WINSTON-SALEM, N.C. -- Several people in Winston-Salem are outraged after Winston-Salem/Forsyth County Schools denied a proposal to create a mandatory African-American studies course for high school students in the district.
Many people, including members of Hate Out of Winston and the LOC, expressed Tuesday night that learning African-American history should be more than a choice.
"When we look at what's going on with black children: lack of engagement and the achievement gap, nothing should be optional. We should do everything that we can to save this group of children," Miranda Jones said.
Jones said many people left the meeting angry and disappointed.
“It absolutely felt like a stab in the back," she said. “For those who asked us to canvas with them. For those who pledged there support at the library. So it absolutely felt like a betrayal."
Instead, the school board passed Superintendent Angela Hairston's recommendation, which was to strengthen the Infusion Project already in place. It's a program where teachers use multicultural resources in their lessons.

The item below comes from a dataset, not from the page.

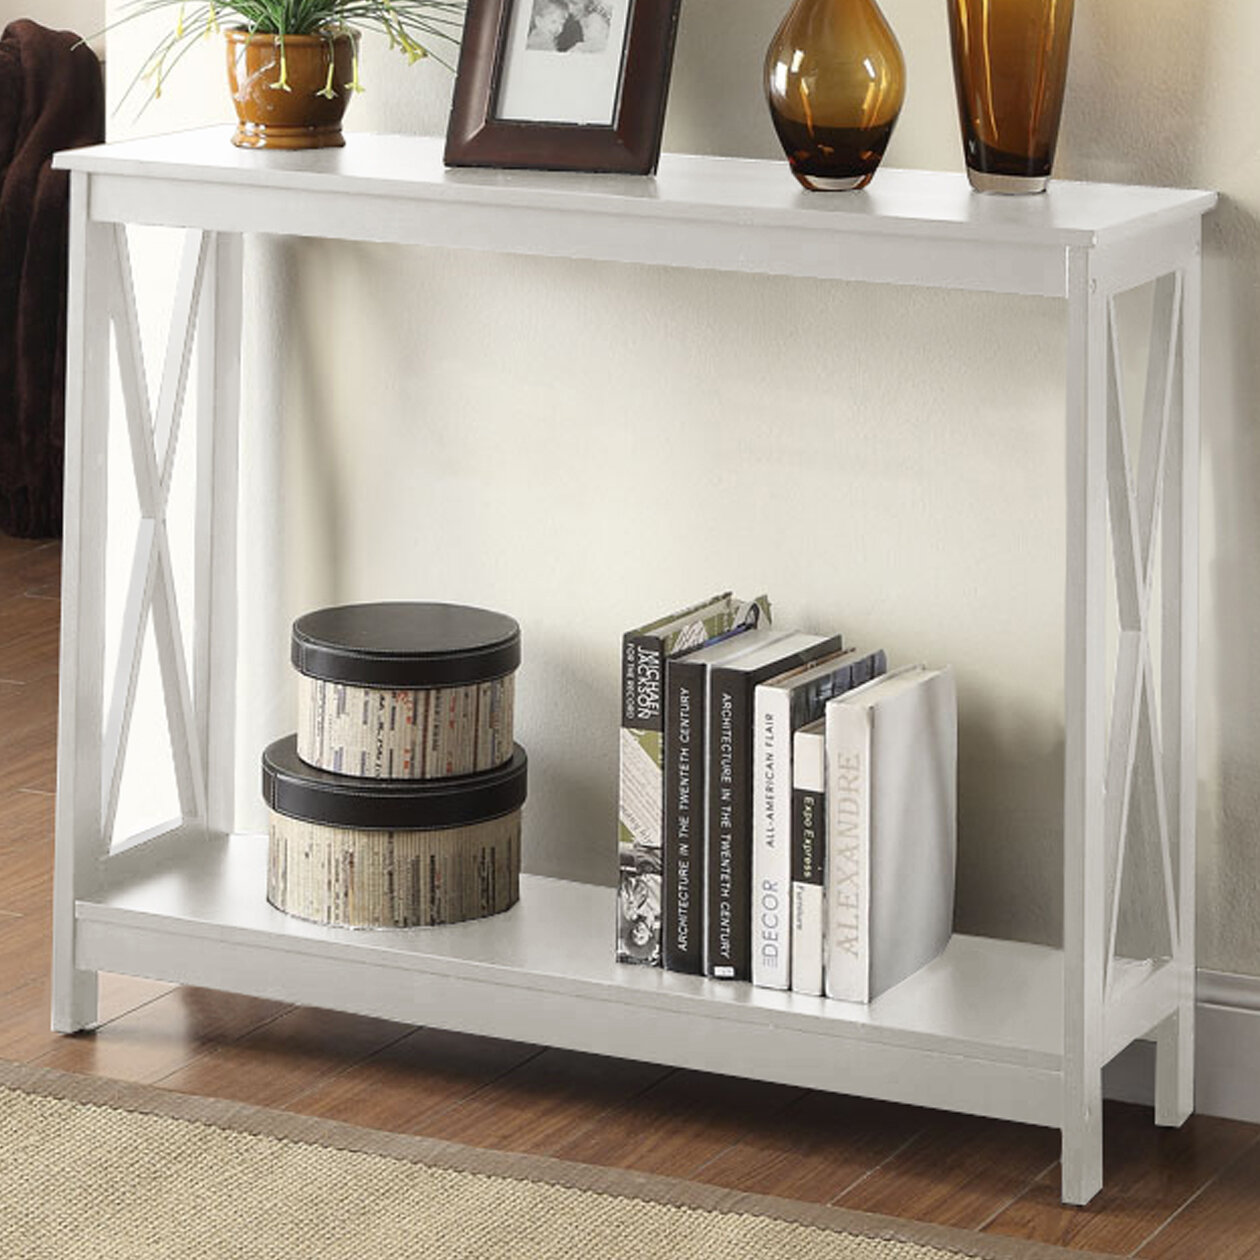 Details about   White Hall Table Furniture Hallway Cabinet Entry Side Console Stand Storage M1 
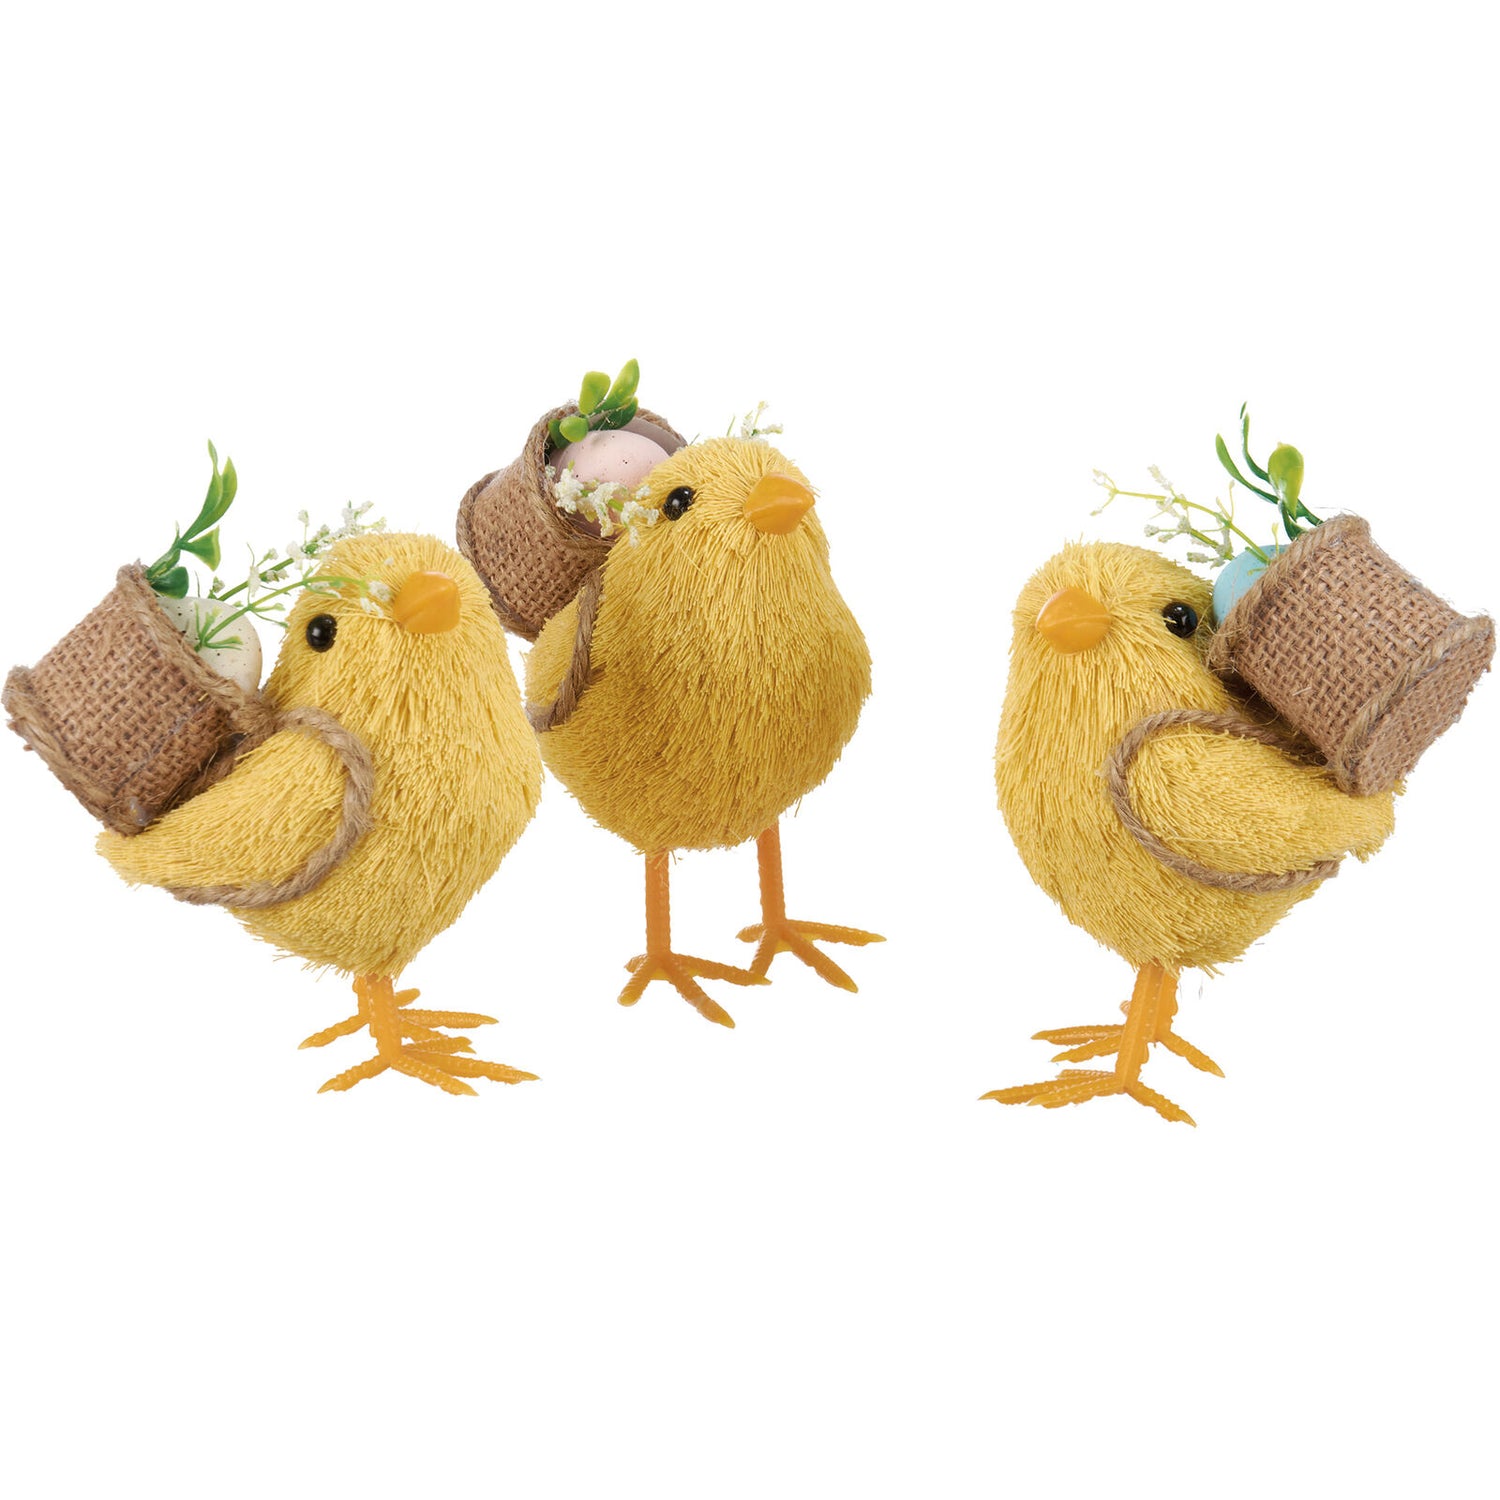 Easter Spring 3 pc Farmhouse Chicks w/ Easter Egg Baskets - The Primitive Pineapple Collection

“That also was the reason for putting them in social studies documents in six through eight and then American I and American II in the high school level," said Rebecca McKnight, director of social studies for the district.
McKnight said they have plans to offer American Indian studies and ethnic literature, along with the African and Latin American studies electives already in place.
“All of those courses will be elective options that are full credit and that students at every school will have the opportunity to take," McKnight said.